I think this amounts to inter-function typestate?

My first instinct here is that this is lots of new compiler magic. And I think it's effectively new syntax -- it might look like a macro, but as far as I know the macro in something like

fn init_foo1(mut foo: partial_uninit!((b) Foo)) -> Foo {

can't expand to anything that currently exists. (After all, such a macro can't know anything about Foo because such information is not available at macro expansion time.)

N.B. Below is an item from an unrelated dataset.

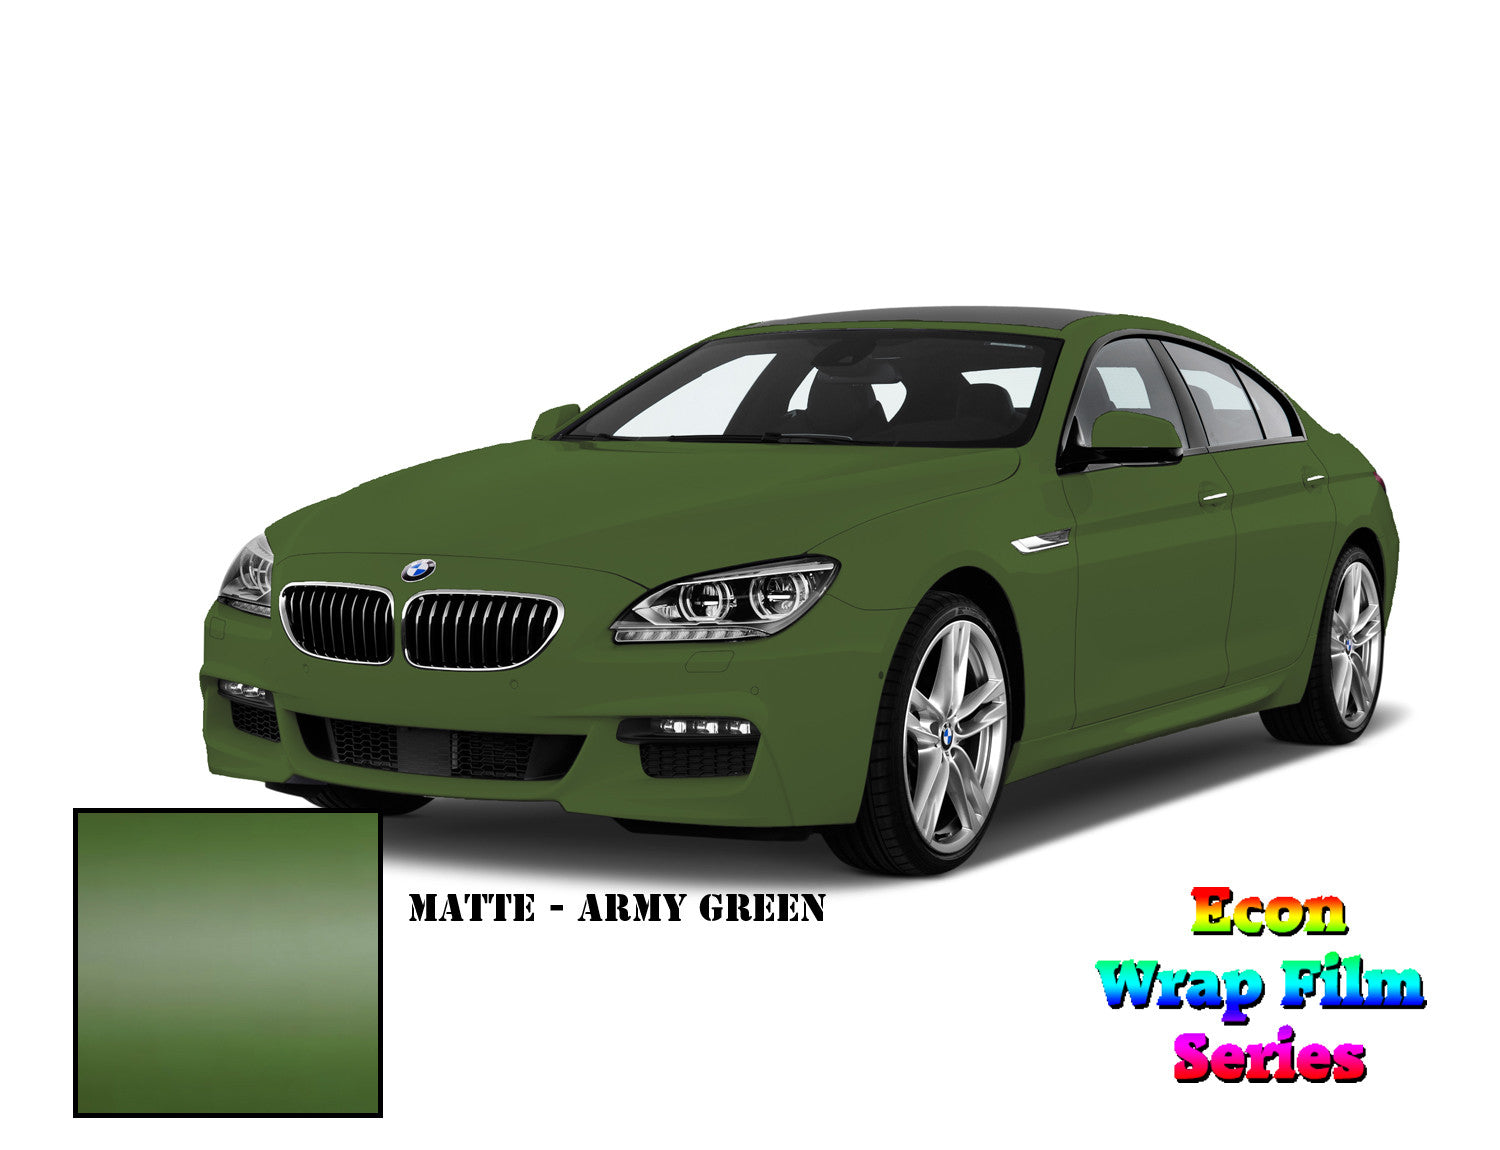 Econ Wrap Film Series - Matte Army Green - Hachi Auto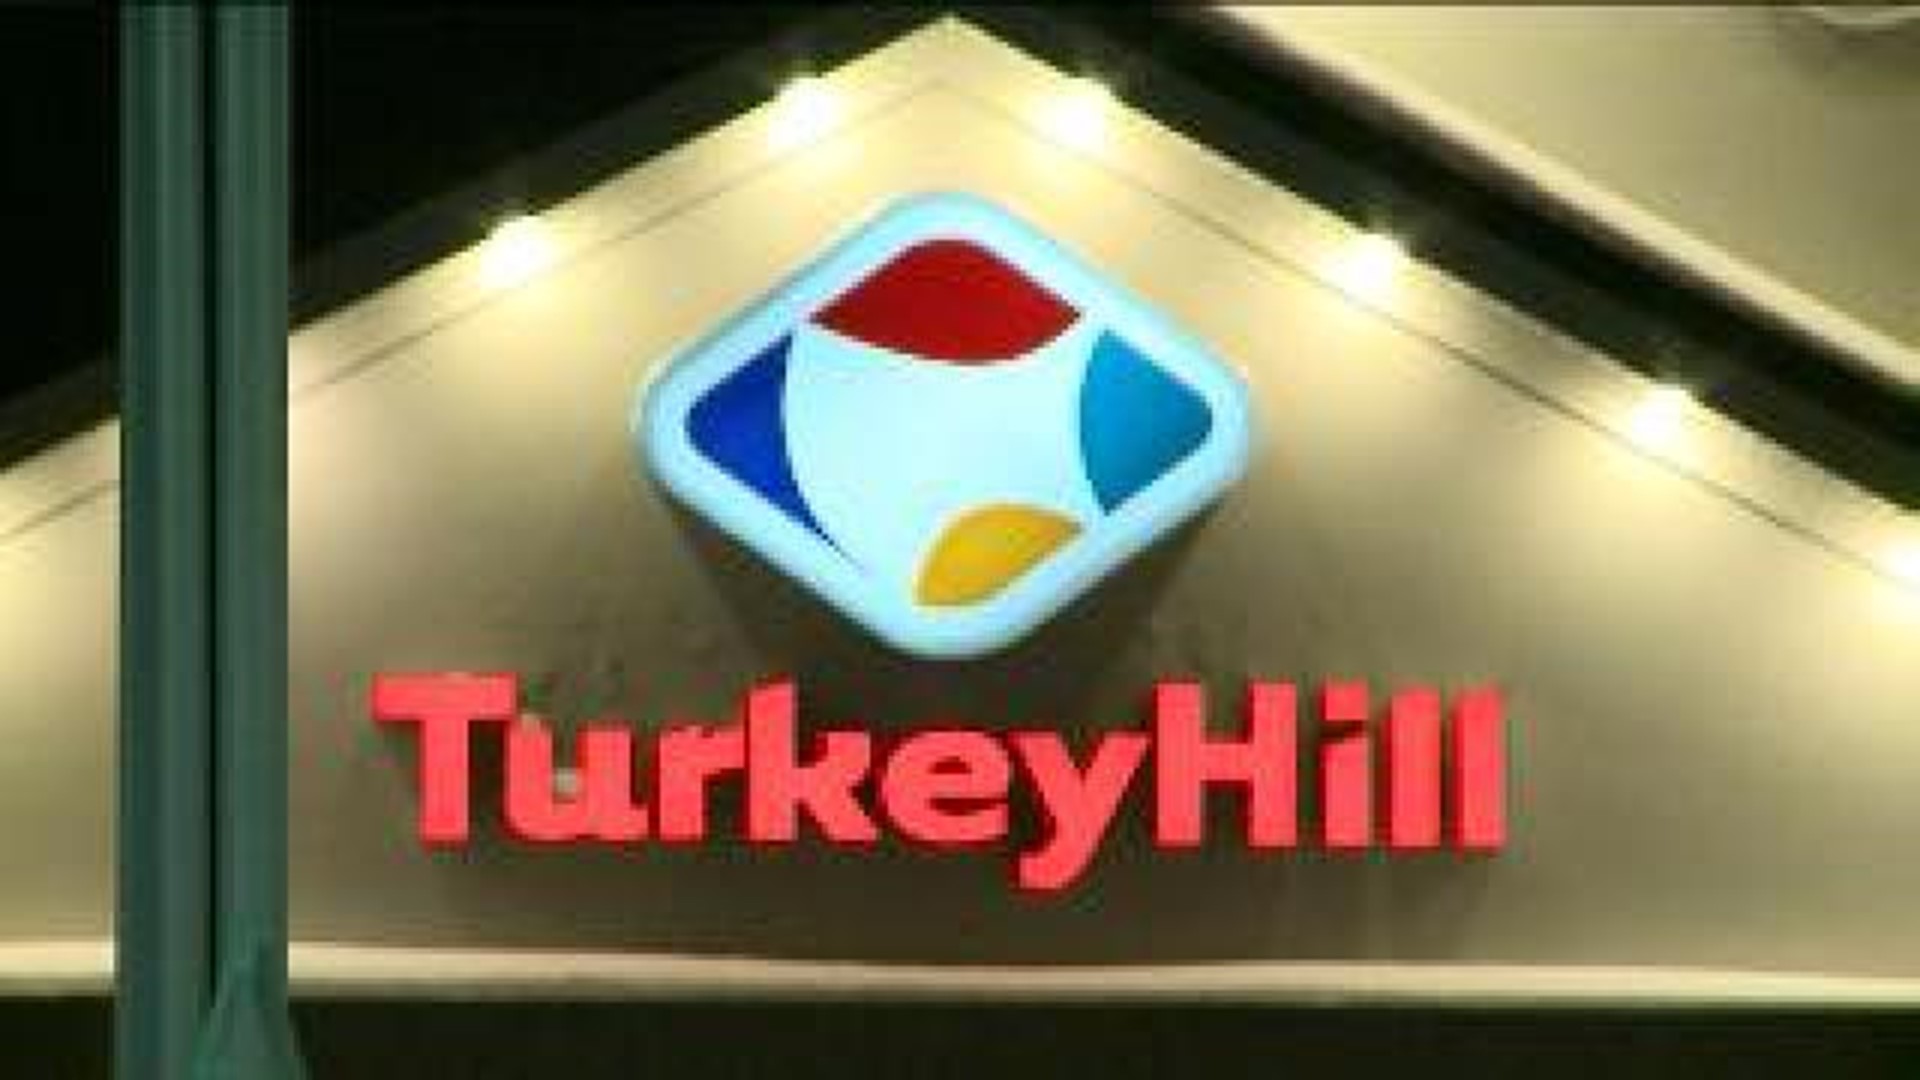 Robber Hits Turkey Hill in Hazleton

The lang team is also skeptical of new auto traits -- for example, I might have written a custom Rc type, but it sounds like this proposal would make it UB because I'm not guarding my clone by T: FullyInit. And making existing sound code unstable isn't something we generally want to do. Or, worse, I can call Arc::clone for any T today, so adding a new bound to would be a breaking change, and thus is a non-starter.

That said, I know libs-api is interested in making it easier to work with uninit stuff. One thing that came up recently is that things like Arc are growing a longer and longer list of APIs like new_uninit and new_uninit_slice and new_zeroed and ..., so anyone interested in making a plan for a more holistic way to do things like that across Rc/Arc/Box/more would be welcome.

My suggestion for now would be to start with seeing what can happen at the library level, and see how far you can get. (Probably outside std initially, for the fastest iteration speed.) For example, I suspect that "create a second type that wraps all the fields in MaybeUninit<...>" would be possible in a derive macro, and that's likely fine -- making this opt-in for types would be fine, since not every type needs or wants it. (That doesn't do the typestate parts, but could be a useful primitive underneath it. And that derive could also fail for things that aren't repr(C), since you're clearly wanting transmute through this, but that's UB for most types. Etc.)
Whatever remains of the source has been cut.